E non si tratta solo delle comuni tensioni quotidiane tra genitori e figli, ma anche dei due tipi di intellighenzia russa del XIX secolo: i “padri” nobili e molto conservatori con camicie inamidate e i “figli” rivoluzionari che non sono più disposti a vivere come i genitori benestanti, che non sanno cosa significhi lavorare e difendono idee ormai arcaiche.

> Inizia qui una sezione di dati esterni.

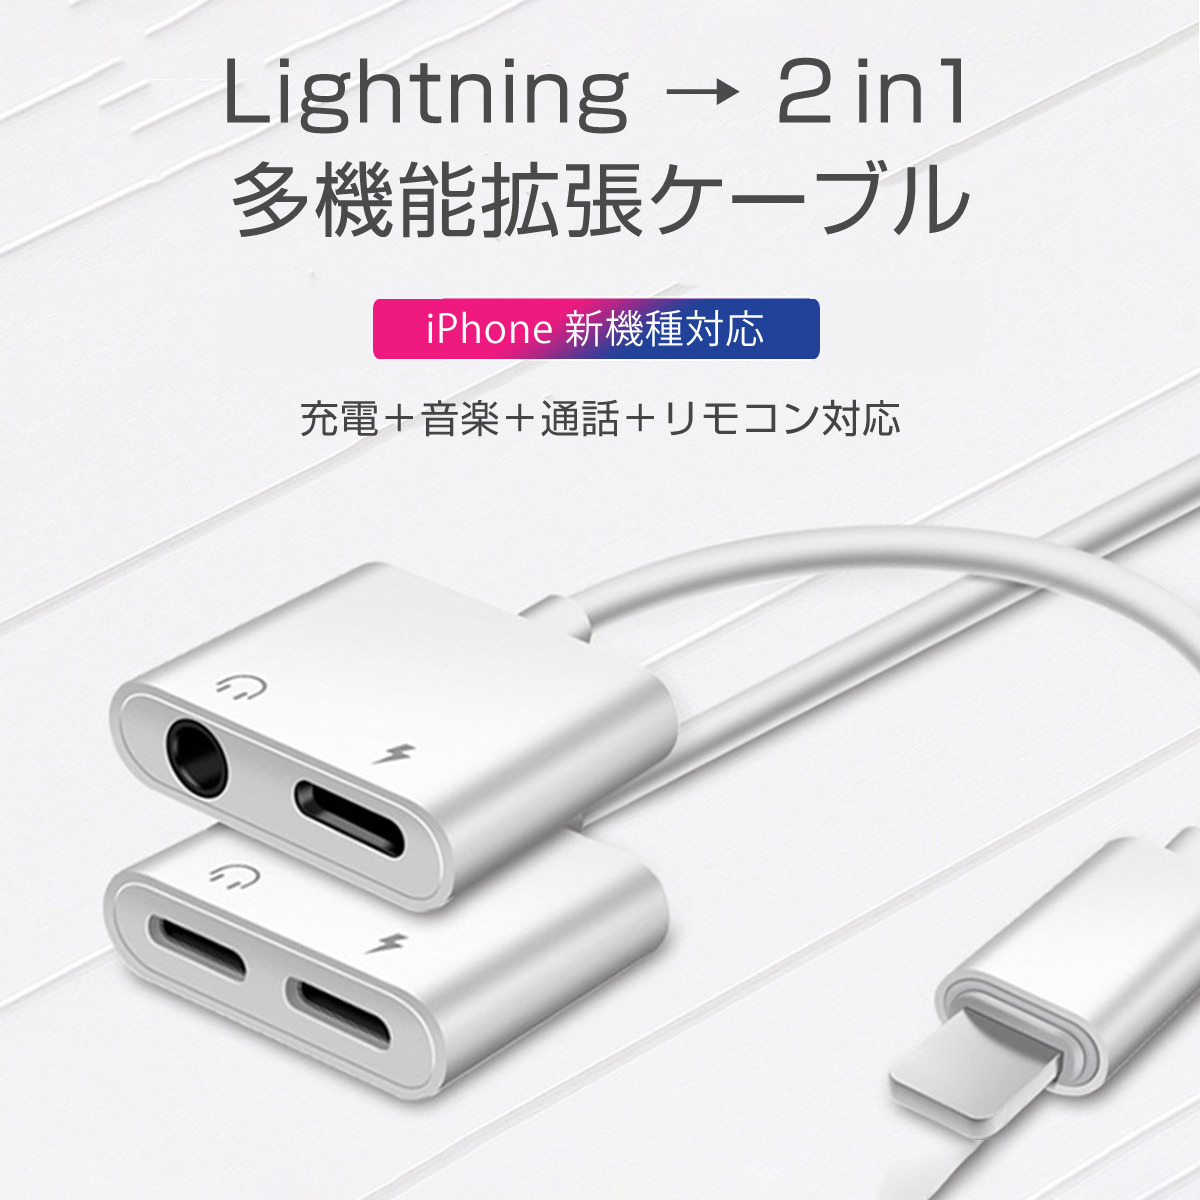 上品なスタイル iPhone イヤホン 変換アダプタ ライトニング ケーブル スマホ 3.5mm

Turgenev fondamentalmente catturò lo spirito turbolento del suo tempo, ma non a tutti i critici questo piacque. La maggior parte rimase colpita dall’approccio innovativo di “Padri e figli” e dallo sguardo neutro sulla vita moderna della Russia del XIX secolo, ma un sacco di critici accusarono Turgenev di calunniare le giovani generazioni e di offendere la vecchia.

Ci furono così tante reazioni controverse al romanzo che alla fine lo stesso Turgenev decise di rispondere ai critici. Il suo obiettivo principale era descrivere la realtà senza prendere le parti di nessuno. Turgenev pensava che le reazioni negative fossero dovute al fatto che il suo personaggio principale, Bazarov, era completamente un inedito per la letteratura russa. Il pubblico si aspettava che l’autore giustificasse il protagonista o lo giudicasse, senza vie di mezzo. Ma Turgenev respinse entrambi questi approcci, limitandosi a raffigurare il suo nichilista nel modo più realistico e oggettivo possibile.

C’è una leggenda secondo la quale uno dei conoscenti di Turgenev gli avrebbe suggerito di cambiare il titolo del romanzo in “Né padri né figli”. Colse nel segno. Turgenev non giustifica la causa di nessuna generazione, mostra solo i cambiamenti maturati nella Russia conservatrice del XIX secolo. Il nichilismo divenne una tendenza rivoluzionaria che non tutti nella Russia zarista erano pronti ad accettare, e Turgenev riassunse nella persona Bazarov tutti i tipi di negazione dell’esistente: “Noi agiamo in forza di ciò che riconosciamo utile. Ai giorni nostri, la cosa più utile di tutte è la negazione: noi neghiamo. Tutto”.